**YOUR TASK:** The answer must be only the lines below from the one holding "10mm Berisfords Satin" down to the one holding "Pin By A A A", ends included, printed exactly; please omit all pictures.

**SOURCE DATA:**
----------
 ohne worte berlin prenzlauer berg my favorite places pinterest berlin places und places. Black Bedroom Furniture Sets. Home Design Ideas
----------
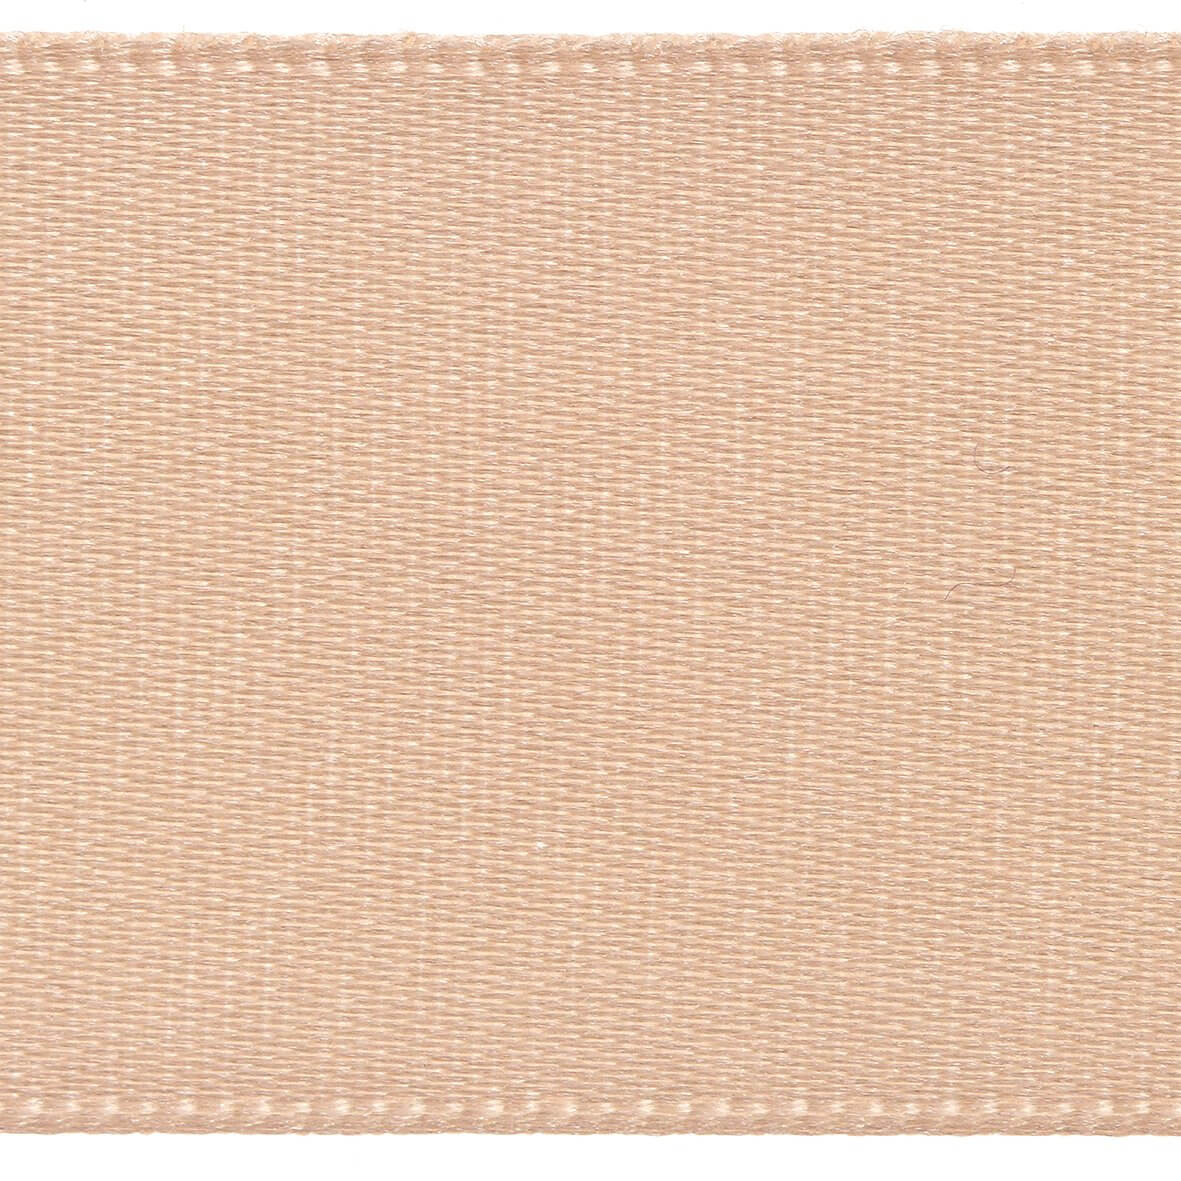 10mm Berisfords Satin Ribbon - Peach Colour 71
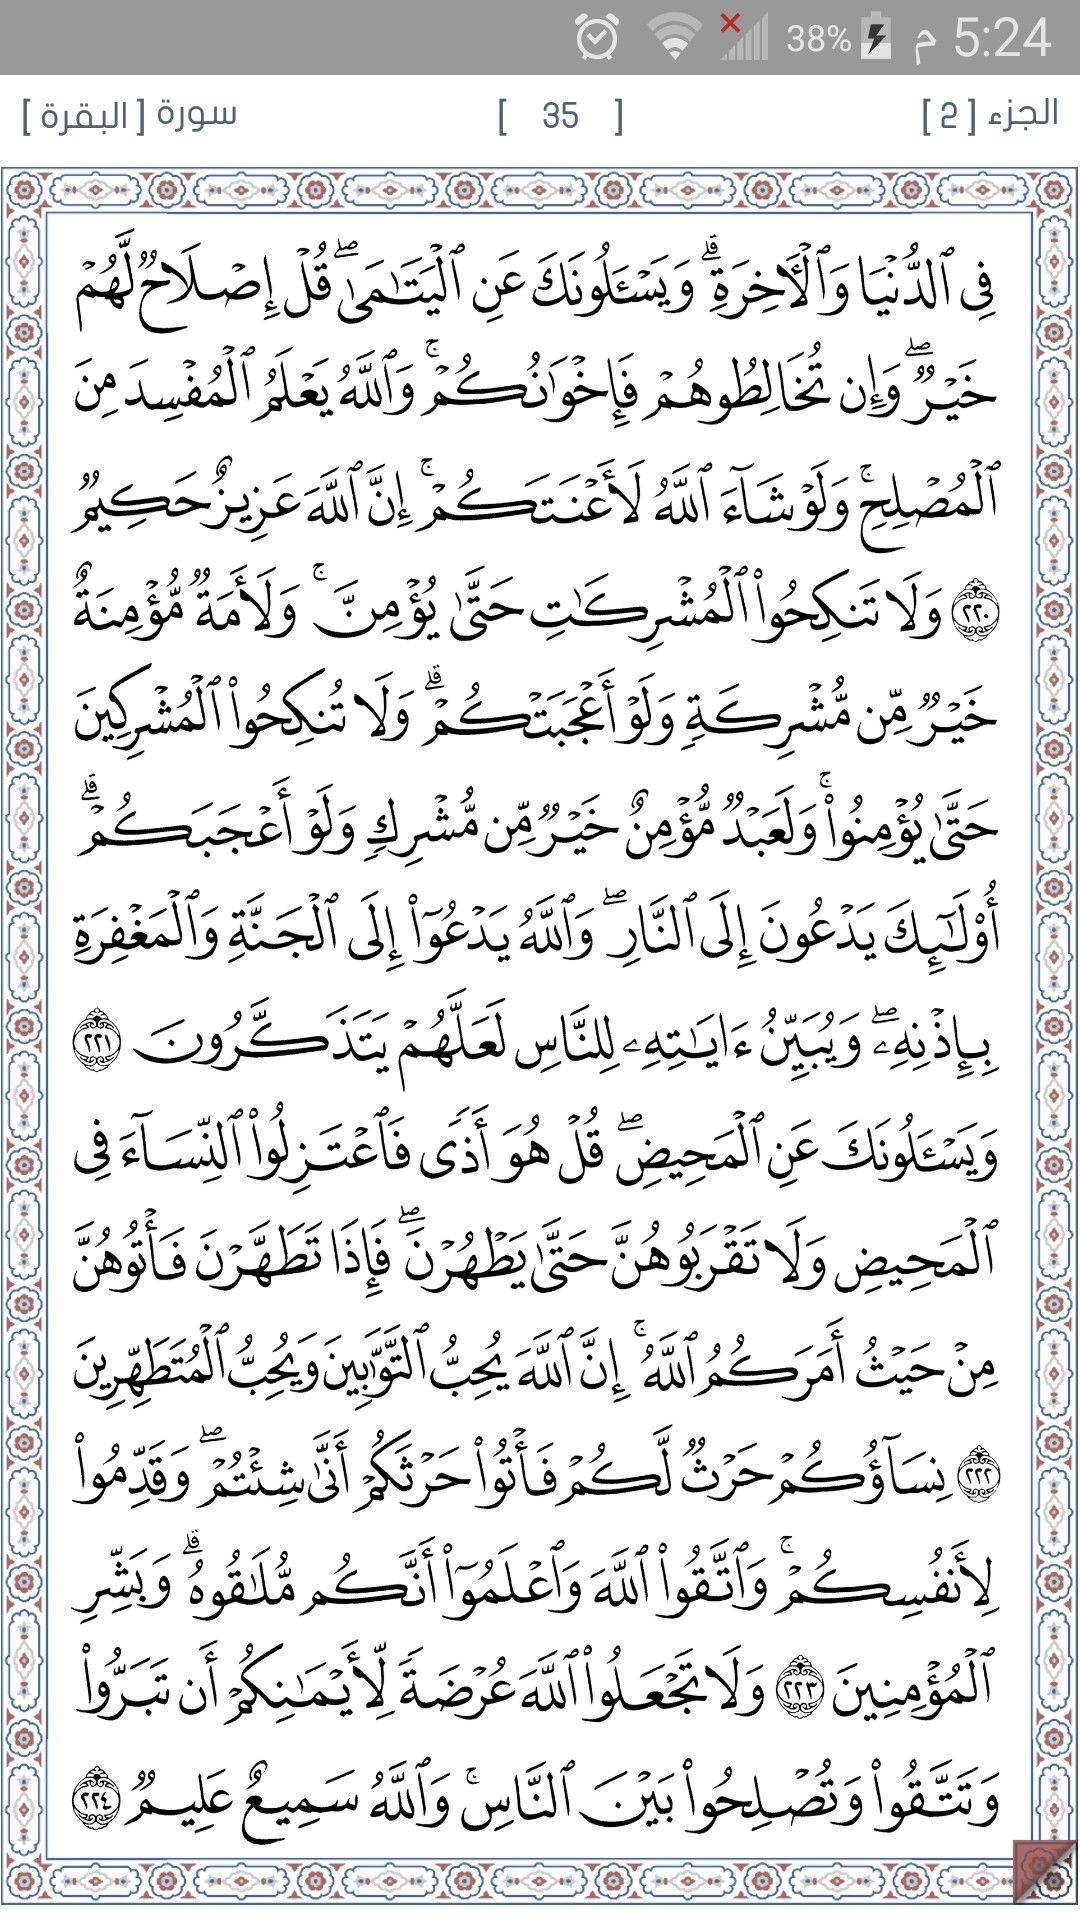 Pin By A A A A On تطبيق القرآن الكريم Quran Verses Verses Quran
----------
**ANSWER TO THE PROBLEM:**
 10mm Berisfords Satin Ribbon - Peach Colour 71
 Pin By A A A A On تطبيق القرآن الكريم Quran Verses Verses Quran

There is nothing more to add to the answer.